- Interactive map of Jere
- Country: Nigeria
- State: Borno State
- Headquarters: Khaddamari

Area
- • Total: 868 km^{2} (335 sq mi)

Population (2006)
- • Total: 211,204
- • Density: 243/km^{2} (630/sq mi)
- Time zone: UTC+1 (WAT)
- Postal code: 600

= Jere, Nigeria =

Jere is a local government area of Borno State, Nigeria. It has its headquarters in the town of Khaddamari. London Ciki is a community in Jere under Maimusari ward.

== Climate /Geography ==
Jere LGA has an average temperature of 33 degrees Celsius or 94 degrees Fahrenheit and a total area of 868 square kilometres or 335 square miles. The local government region's average humidity is reported to be 29%, and the area receives 850 mm of precipitation.

Jere experiences a hot semi-arid climate similar to that of the greater Maiduguri area. Rainfall is limited and occurs mainly from June to September, while the dry season lasts from October to May with strong Harmattan winds.
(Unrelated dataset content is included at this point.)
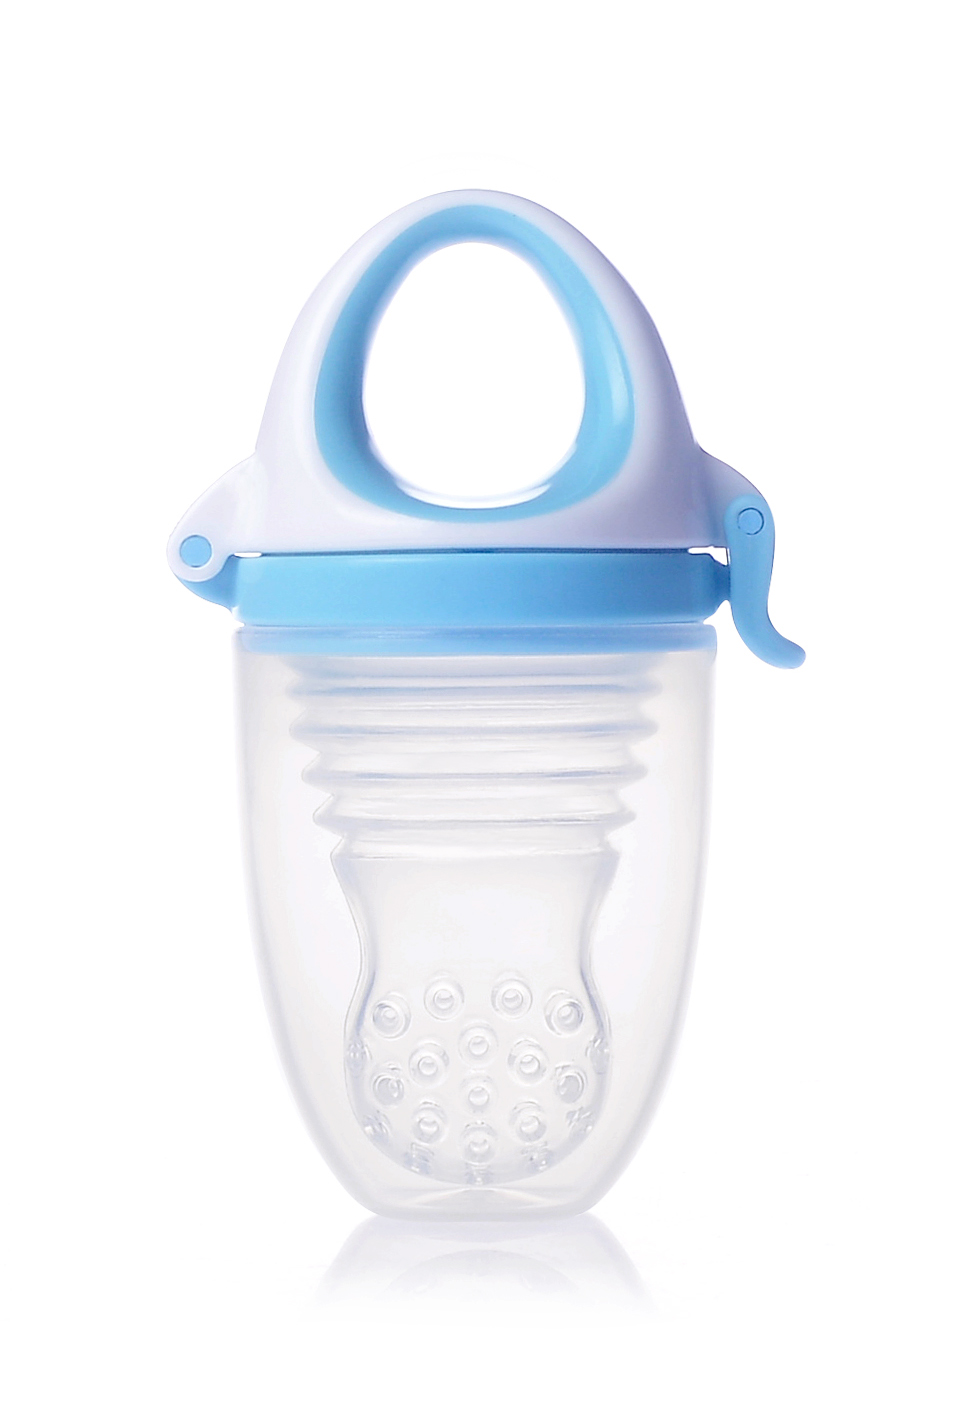 Kidsme Food Feeder Plus bērna ēdināšanas ierīce no 6 mēn, Aquamarine 160361AQ aksesuāri bērniem

Temperatures range from about 24 C to 41 C across the year.

== Population ==
Jere had a population of 211,204 at the 2006 census. Most of the people in Jere are from the Arabic tribes Baggara and Kanuri.

== Postal code ==
The postal code of the area is 600.

== History ==
It is one of the sixteen LGAs that constitute the Borno Emirate, a traditional state located in Borno State, Nigeria.